Looking to Sunday: Preparing to Hear From God

by Elaine Poproski

This is the weekend of all weekends in the Christian calendar! I know Christmas gets all the hype, but everything about our faith rests on Good Friday and Easter. This is the weekend we remember the cost of God’s grace toward us. It’s the weekend we remember that not even death can stand in the way of God’s purposes.
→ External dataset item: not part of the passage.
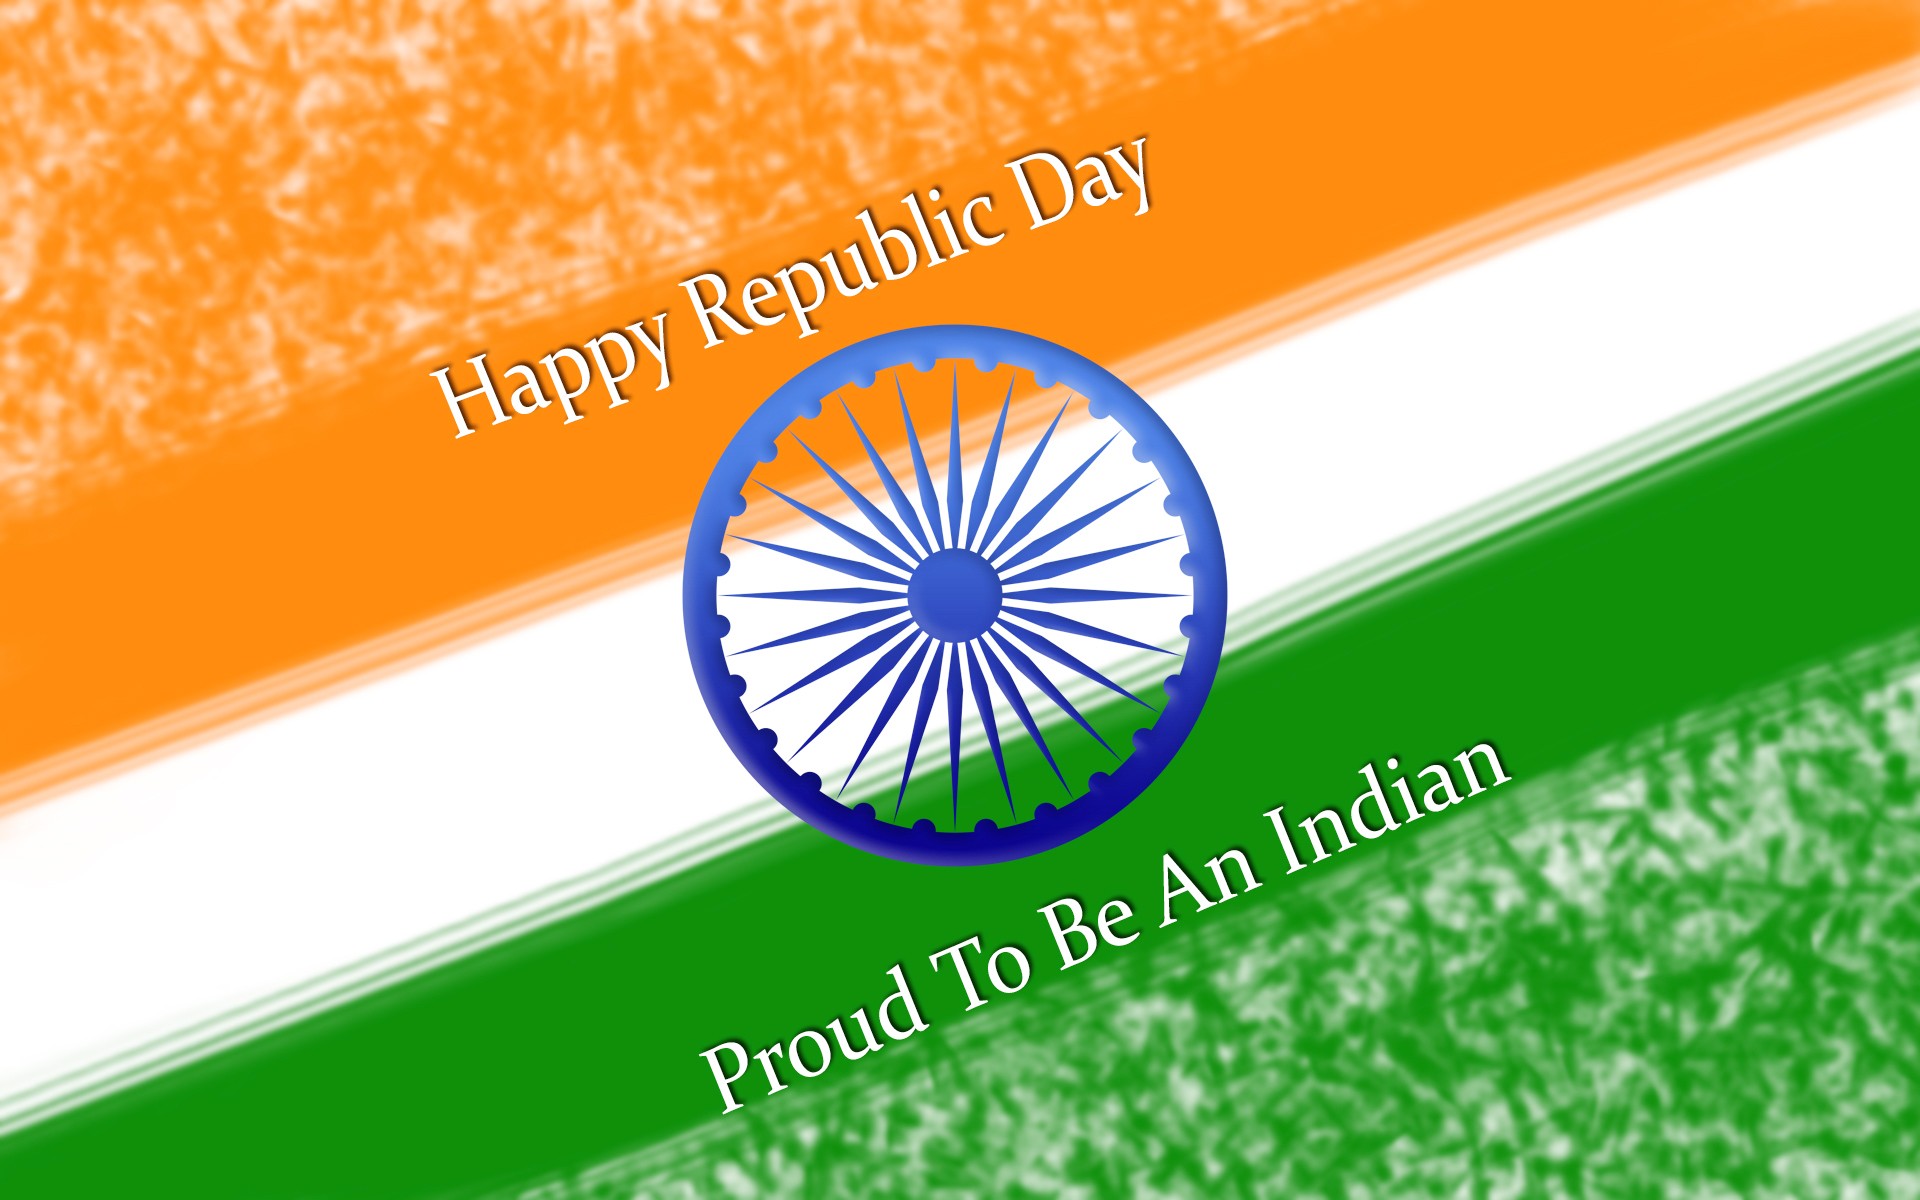 India Republic Day Images For Whatsapp Dp, Profile - Hd Wallpaper Happy Republic Day - HD Wallpaper

Jesus’ story is the story of the world’s worst trades. A long time ago, a man named John Calvin wrote about Jesus’ unexpected trades when he wrote these words:
“This is the wondrous exchange made by His boundless goodness. Having become with us the Son of Man, He has made us with Himself sons [children] of God. By His own descent to the earth He has prepared our ascent to heaven. Having received our mortality, He has bestowed on us His immortality. Having undertaken our weakness, He has made us strong in His strength. Having submitted to our poverty, He has transferred to us His riches. Having taken upon Himself the burden of unrighteousness with which we were oppressed, He has clothed us with His righteousness.”[1]

The Easter story is that of Jesus trading His life for ours; it’s that of Jesus suffering the consequence of our sin; it’s that of Jesus experiencing abandonment by God so that our relationship with God could be restored.

For many of you reading this article, the Easter story is familiar – perhaps over-familiar. The danger of such familiarity is that the story stops being powerful; it loses its weight; we can’t be bothered to actually read the story anymore and as a result we lose parts of the story. And so, as you prepare for a worship service on Good Friday and Easter Sunday [it is my profound hope that none of you will forego the ‘extra’ service this week, regardless of whether you’re available to be at Walmer’s services or not] I encourage you to read the Easter story from start to finish. I’ve been reading it in John 18 – 19 and can highly recommend that you choose that gospel. But it’s also in Matthew 26 – 27, Mark 14 – 15, and Luke 22 – 23. Read one of the accounts or read all of them. What nuances had you forgotten? What pieces of the story impacted you as you read it? What difference does this story make in the way you live your life?


[1] Institutes of Christian Religion (tr. Henry Beveridge [1845]; Grand Rapids:  Eerdmans, 1989), 4.14.2.